Problem details
Look through the data below. Show each line where the string "with" occurs.

Excerpted records
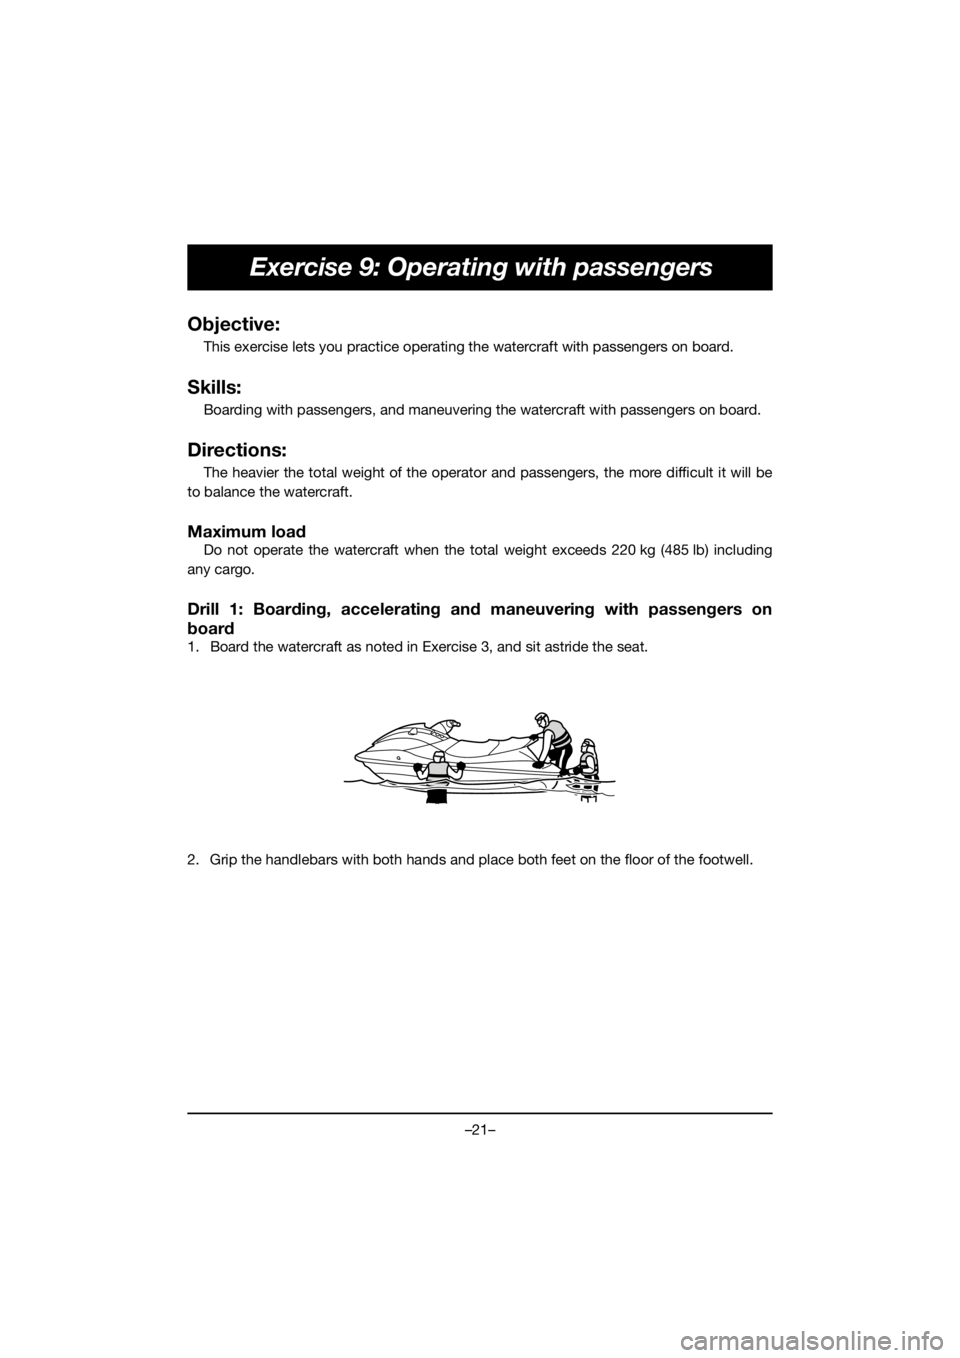 YAMAHA FJR1300 2020  Manuale duso (in Italian) –21–
Exercise 9: Operating with passengers
Objective:
This exercise lets you practice operating the watercraft with passengers on board.
Skills:
Boarding with passengers, and maneuvering the water
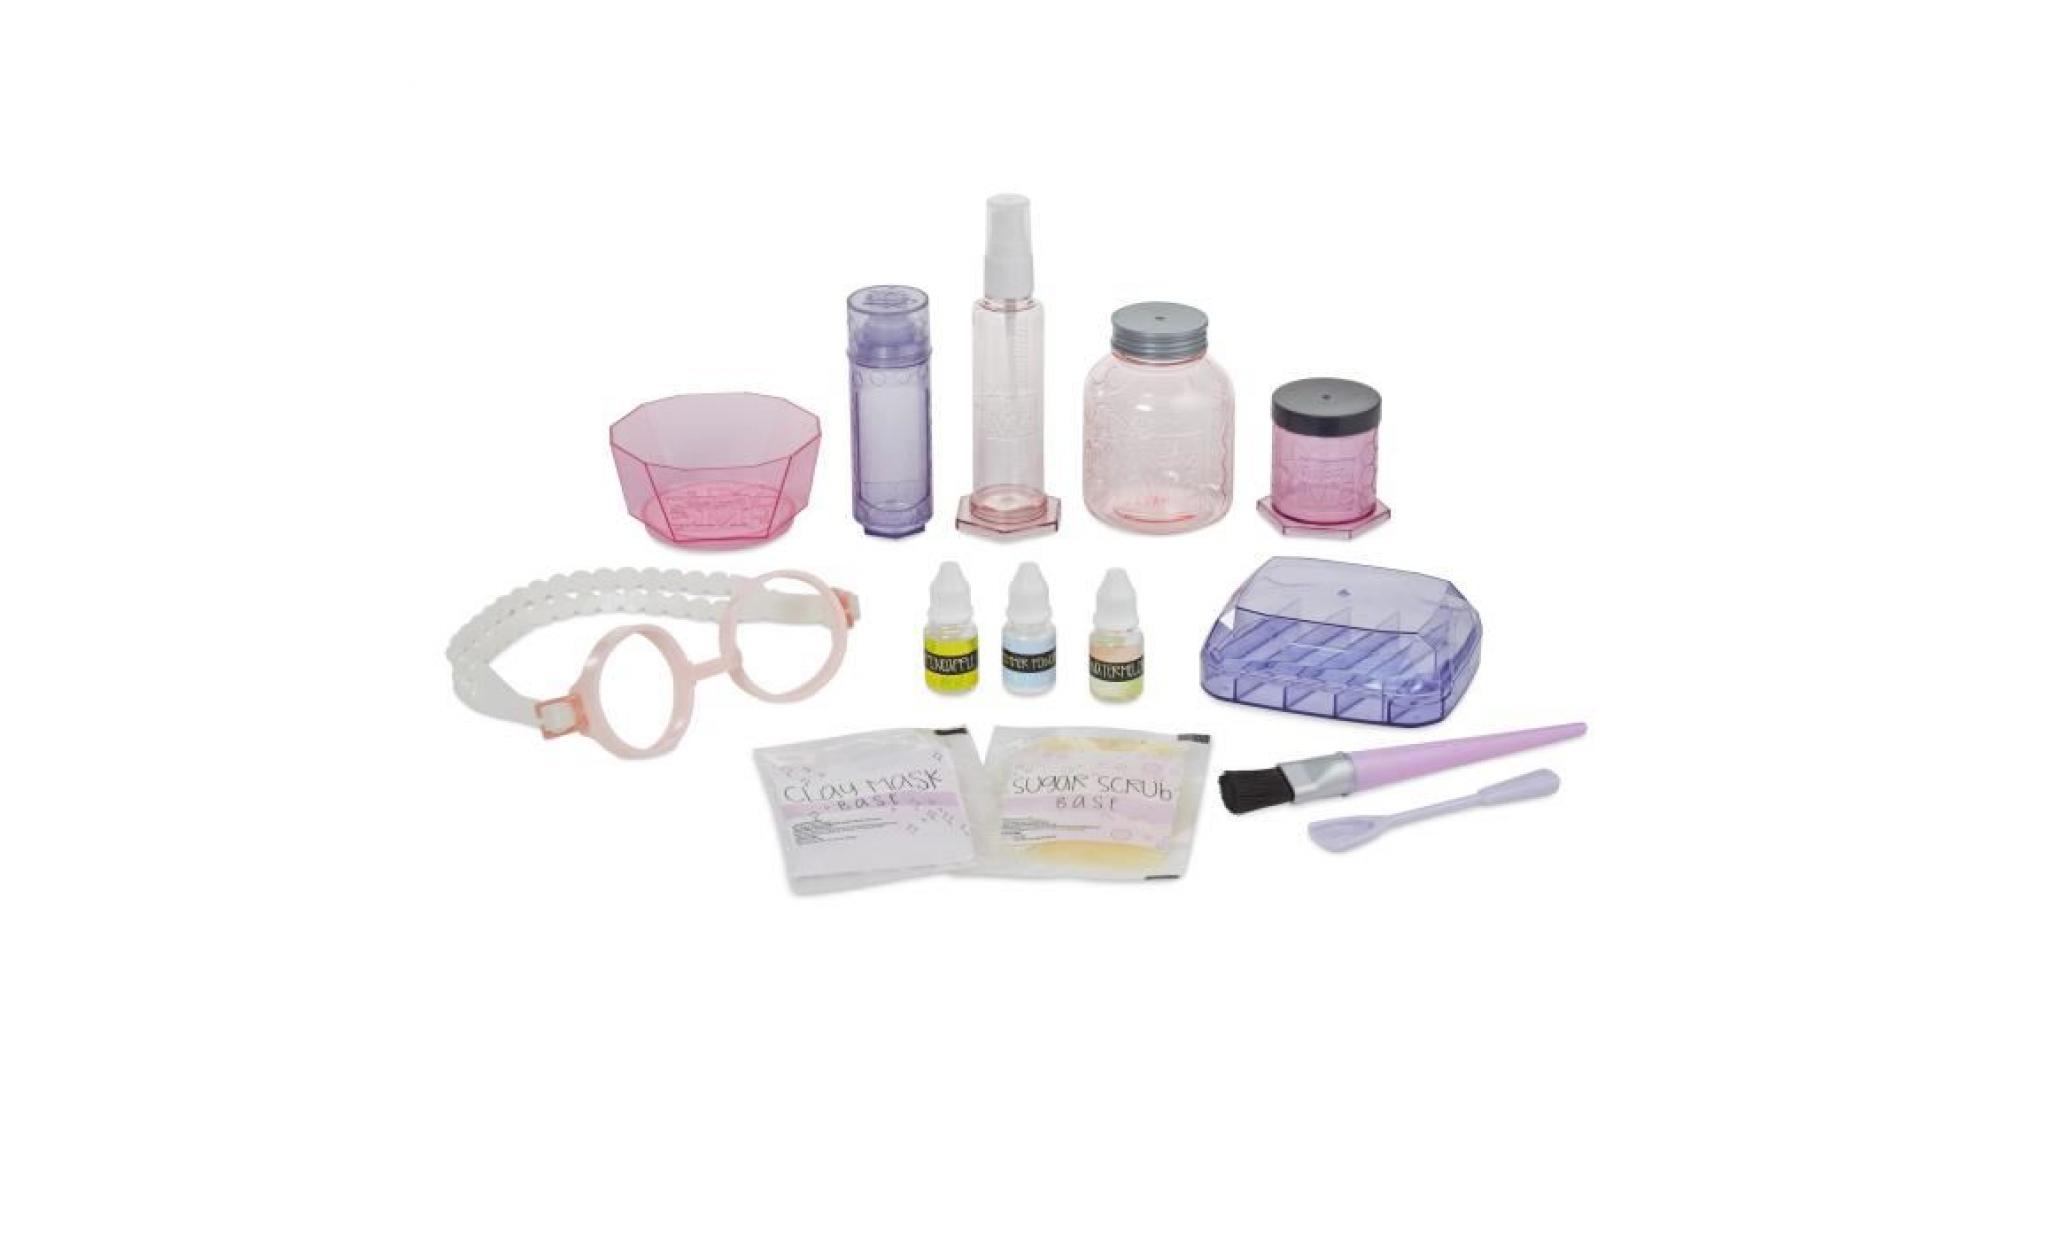 slumber party science kit to create your own spa treatments 1k2aaf pas cher
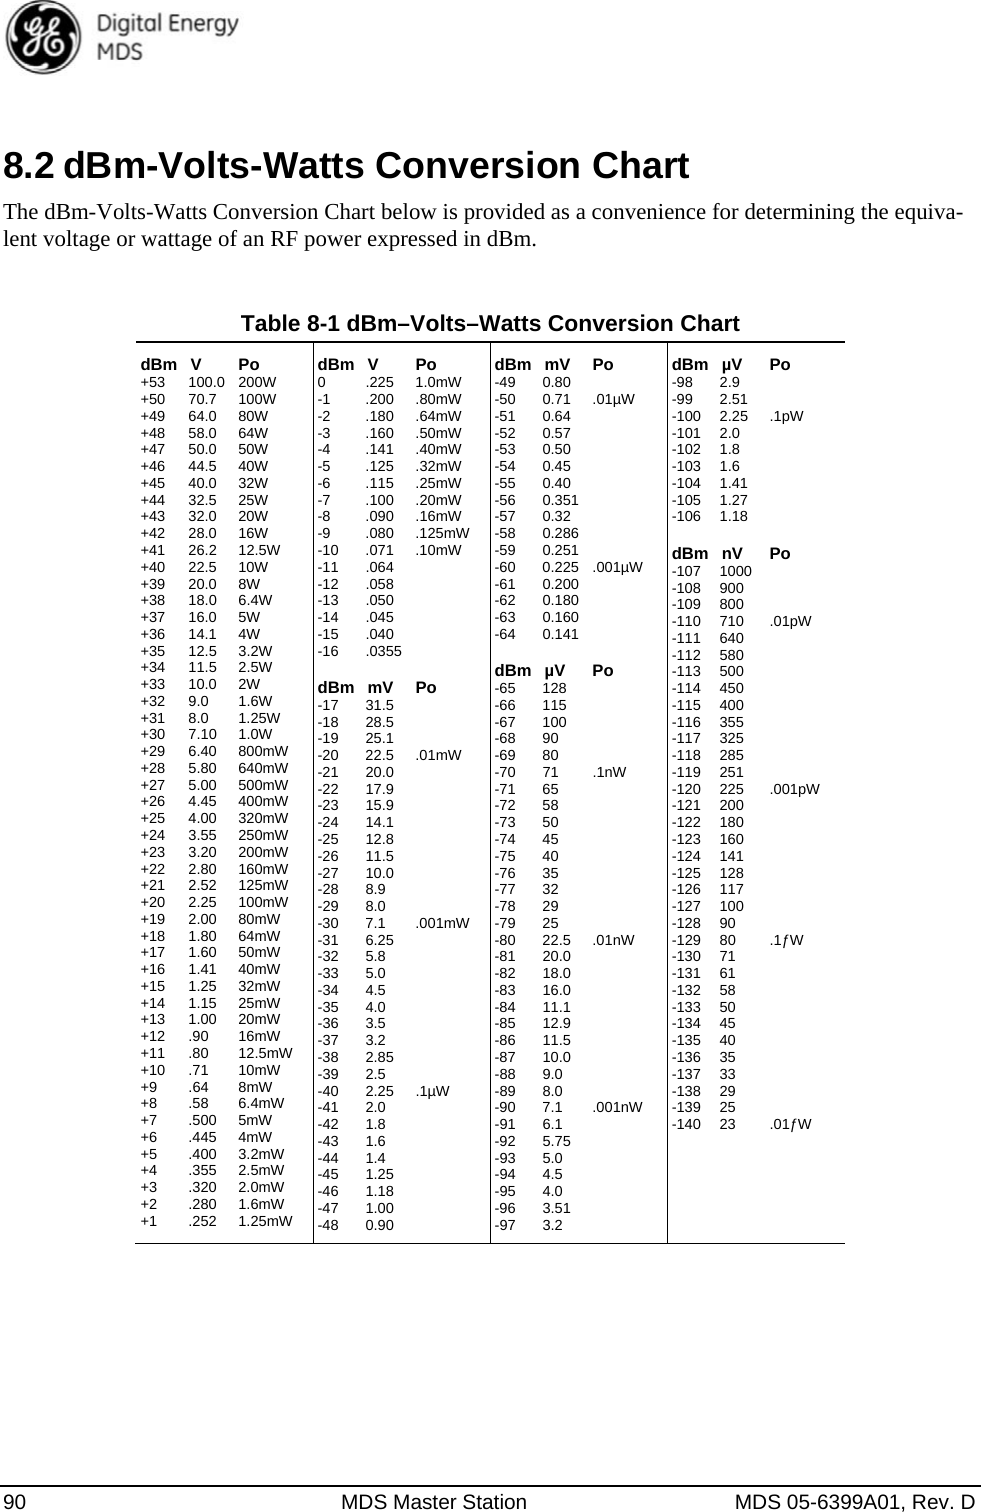  90  MDS Master Station  MDS 05-6399A01, Rev. D  8.2 dBm-Volts-Watts Conversion Chart The dBm-Volts-Watts Conversion Chart below is provided as a convenience for determining the equiva-lent voltage or wattage of an RF power expressed in dBm. Table 8-1 dBm–Volts–Watts Conversion Chart dBm V  Po +53 100.0 200W +50 70.7 100W +49 64.0 80W +48 58.0 64W +47 50.0 50W +46 44.5 40W +45 40.0 32W +44 32.5 25W +43 32.0 20W +42 28.0 16W +41 26.2 12.5W +40 22.5 10W +39 20.0 8W +38 18.0 6.4W +37 16.0 5W +36 14.1 4W +35 12.5 3.2W +34 11.5 2.5W +33 10.0 2W +32 9.0  1.6W +31 8.0  1.25W +30 7.10 1.0W +29 6.40 800mW +28 5.80 640mW +27 5.00 500mW +26 4.45 400mW +25 4.00 320mW +24 3.55 250mW +23 3.20 200mW +22 2.80 160mW +21 2.52 125mW +20 2.25 100mW +19 2.00 80mW +18 1.80 64mW +17 1.60 50mW +16 1.41 40mW +15 1.25 32mW +14 1.15 25mW +13 1.00 20mW +12 .90  16mW +11 .80  12.5mW +10 .71  10mW +9 .64 8mW +8 .58 6.4mW +7 .500 5mW +6 .445 4mW +5 .400 3.2mW +4 .355 2.5mW +3 .320 2.0mW +2 .280 1.6mW +1 .252 1.25mW dBm V  Po 0 .225 1.0mW -1 .200 .80mW -2 .180 .64mW -3 .160 .50mW -4 .141 .40mW -5 .125 .32mW -6 .115 .25mW -7 .100 .20mW -8 .090 .16mW -9 .080 .125mW -10 .071 .10mW -11 .064 -12 .058 -13 .050 -14 .045 -15 .040 -16 .0355  dBm mV  Po -17 31.5 -18 28.5 -19 25.1 -20 22.5 .01mW -21 20.0 -22 17.9 -23 15.9 -24 14.1 -25 12.8 -26 11.5 -27 10.0 -28 8.9 -29 8.0 -30 7.1  .001mW -31 6.25 -32 5.8 -33 5.0 -34 4.5 -35 4.0 -36 3.5 -37 3.2 -38 2.85 -39 2.5 -40 2.25 .1µW -41 2.0 -42 1.8 -43 1.6 -44 1.4 -45 1.25 -46 1.18 -47 1.00 -48 0.90 dBm mV  Po -49 0.80 -50 0.71 .01µW -51 0.64 -52 0.57 -53 0.50 -54 0.45 -55 0.40 -56 0.351 -57 0.32 -58 0.286 -59 0.251 -60 0.225 .001µW -61 0.200 -62 0.180 -63 0.160 -64 0.141  dBm µV  Po -65 128 -66 115 -67 100 -68 90 -69 80 -70 71  .1nW -71 65 -72 58 -73 50 -74 45 -75 40 -76 35 -77 32 -78 29 -79 25 -80 22.5 .01nW -81 20.0 -82 18.0 -83 16.0 -84 11.1 -85 12.9 -86 11.5 -87 10.0 -88 9.0 -89 8.0 -90 7.1  .001nW -91 6.1 -92 5.75 -93 5.0 -94 4.5 -95 4.0 -96 3.51 -97 3.2 dBm µV  Po -98 2.9 -99 2.51 -100 2.25  .1pW -101 2.0 -102 1.8 -103 1.6 -104 1.41 -105 1.27 -106 1.18  dBm nV  Po -107 1000 -108 900 -109 800 -110 710  .01pW -111 640 -112 580 -113 500 -114 450 -115 400 -116 355 -117 325 -118 285 -119 251 -120 225  .001pW -121 200 -122 180 -123 160 -124 141 -125 128 -126 117 -127 100 -128 90 -129 80  .1ƒW -130 71 -131 61 -132 58 -133 50 -134 45 -135 40 -136 35 -137 33 -138 29 -139 25 -140 23  .01ƒW

Result
Exercise 9: Operating with passengers
This exercise lets you practice operating the watercraft with passengers on board.
Boarding with passengers, and maneuvering the water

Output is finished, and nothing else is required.